▶ [ABOUT THIS TASK] Write out the entire listing below exactly as it appears, minus any pictures.

▶ [INPUT DATA]

........

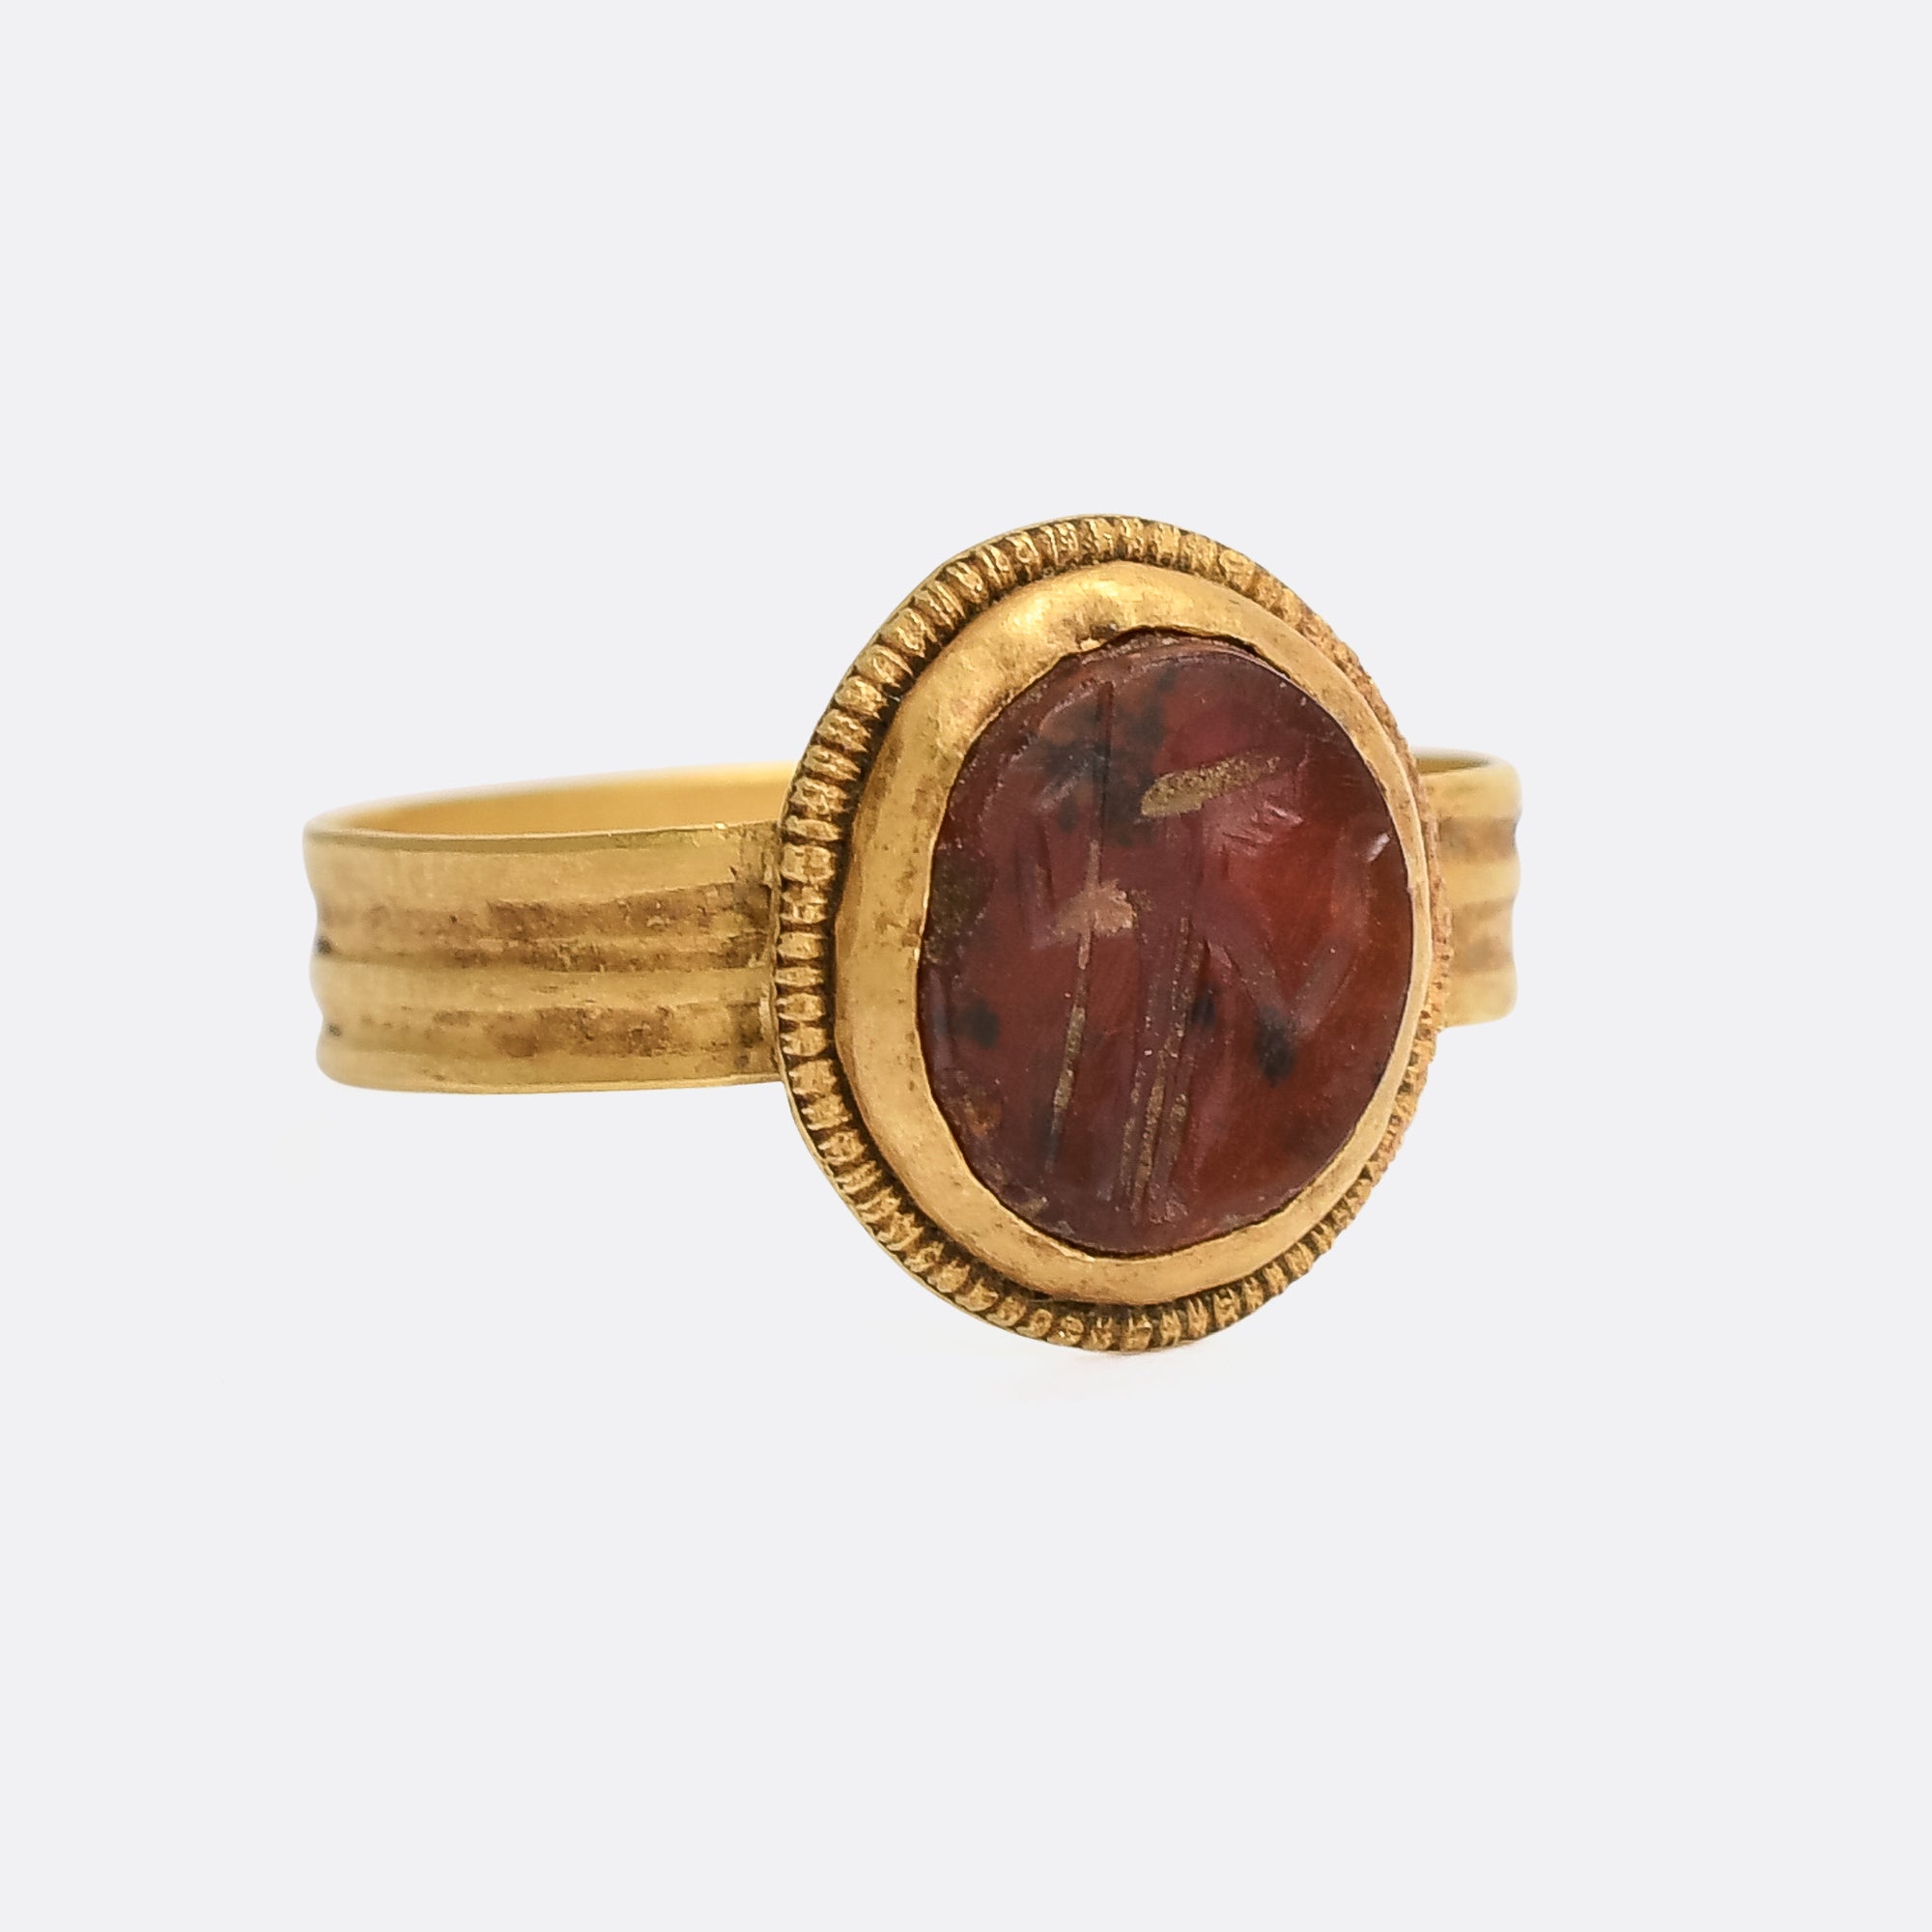 Roman Jewelry – Antique Jewelry University
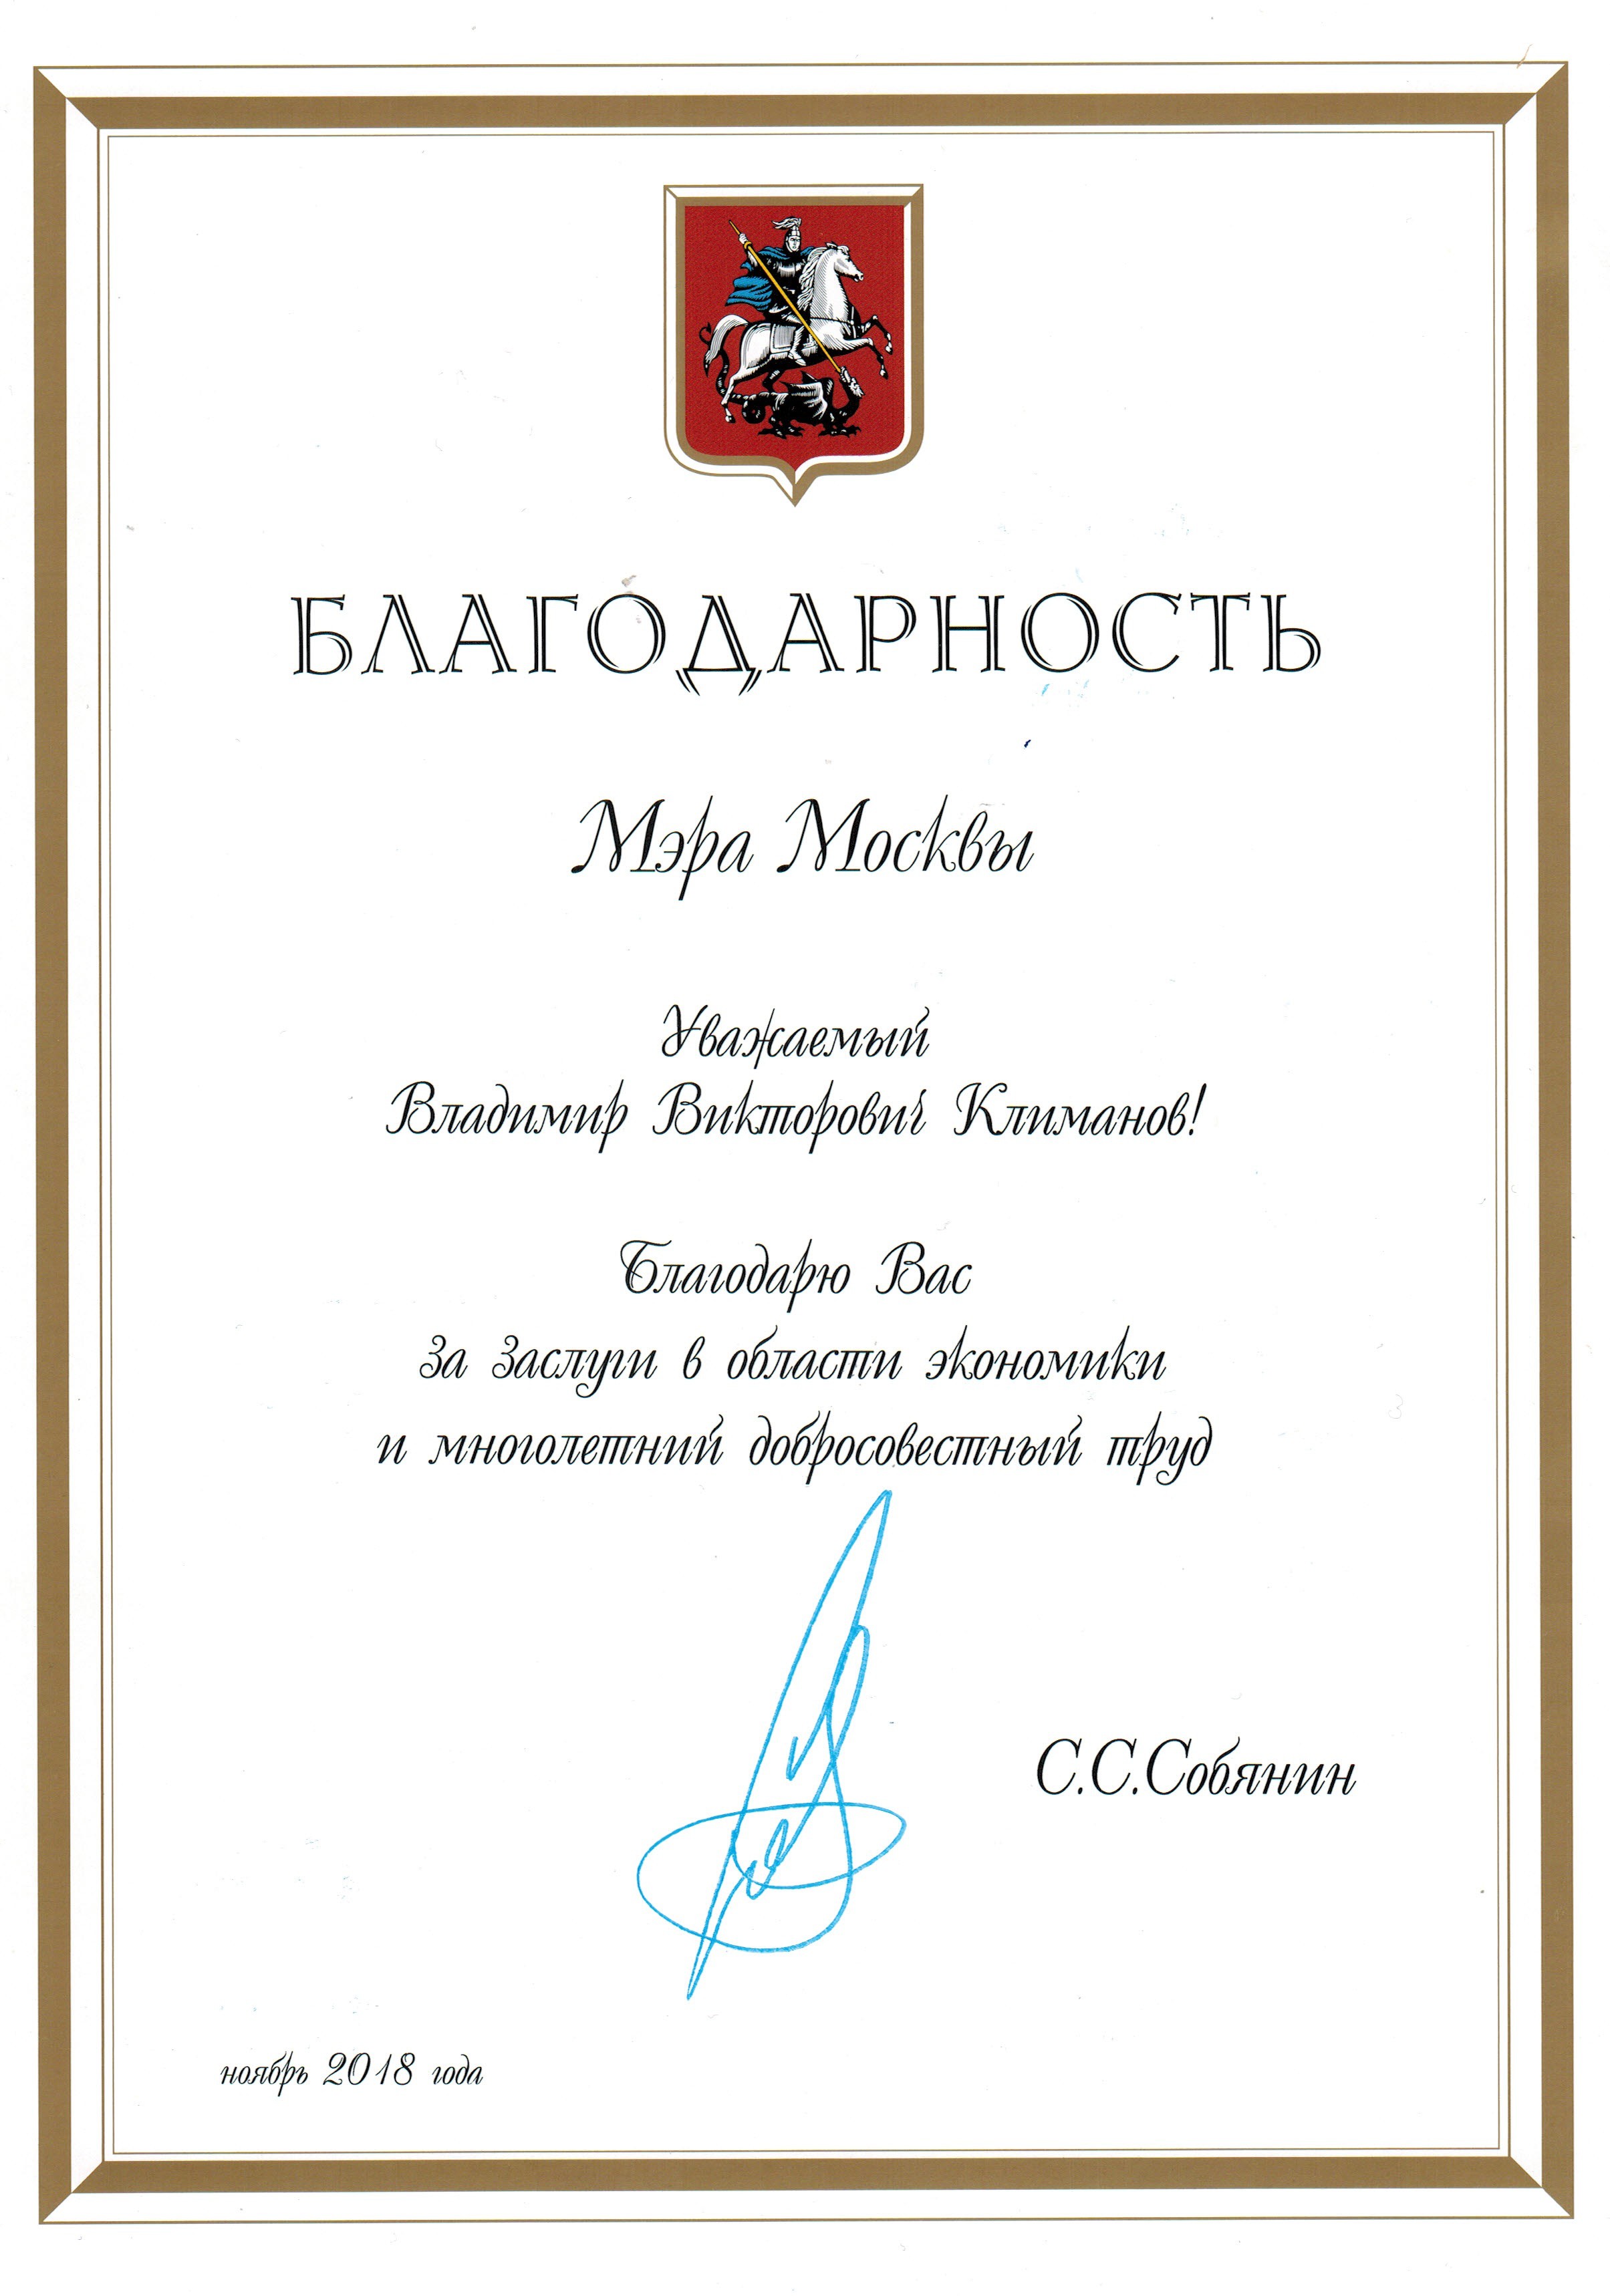 В.В. Климанов получил благодарственную грамоту от мэра Москвы С.С. Собянина
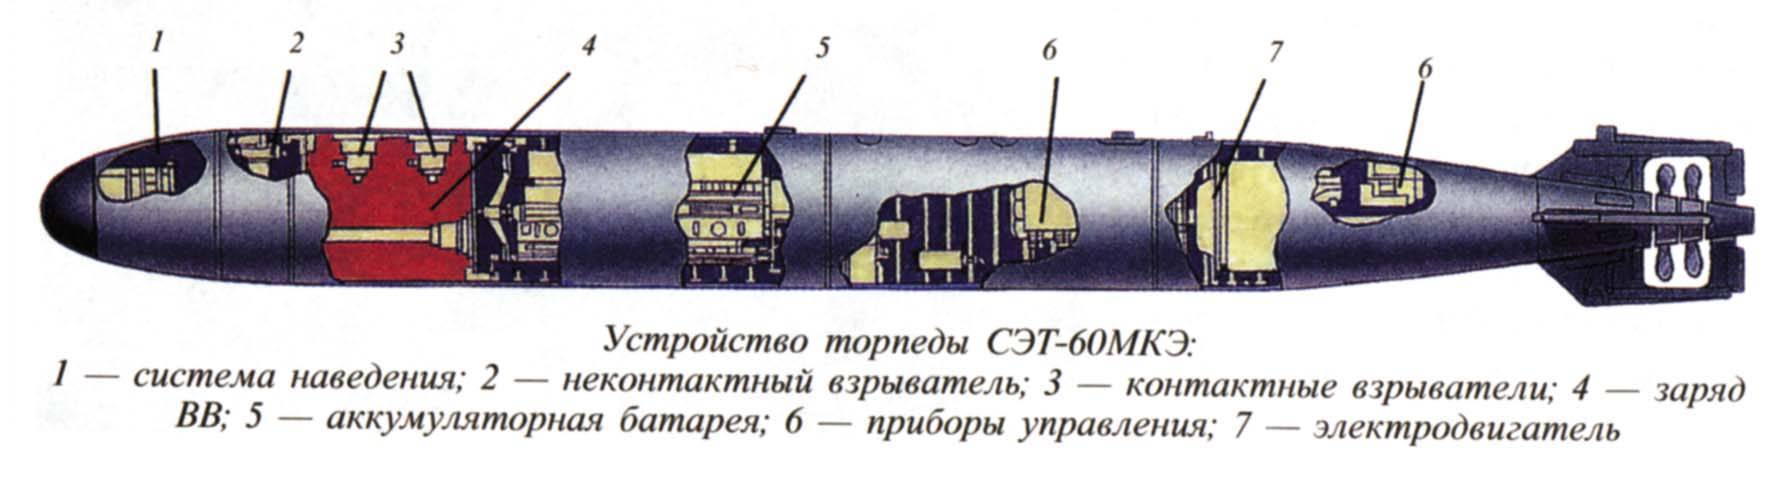 Торпеды 53-65
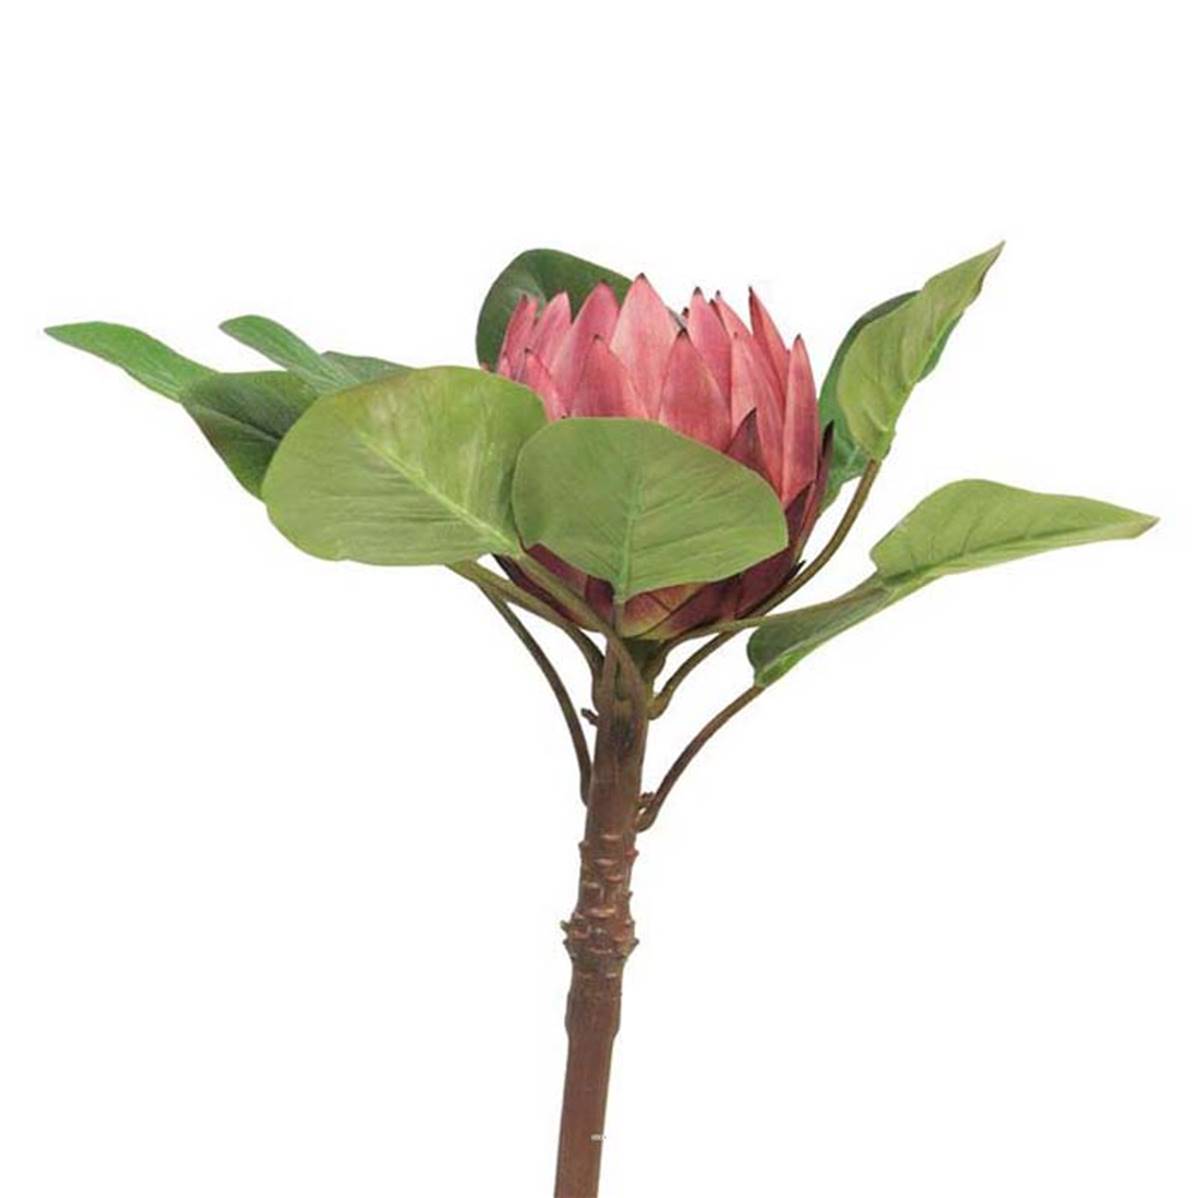 Protea artificielle, spéciale grande taille, H 84 cm | Artificielles.com

........

▶ [ANSWER TO THE EXERCISE]
 Roman Jewelry – Antique Jewelry University
 В.В. Климанов получил благодарственную грамоту от мэра Москвы С.С. Собянина
 Торпеды 53-65
 Protea artificielle, spéciale grande taille, H 84 cm | Artificielles.com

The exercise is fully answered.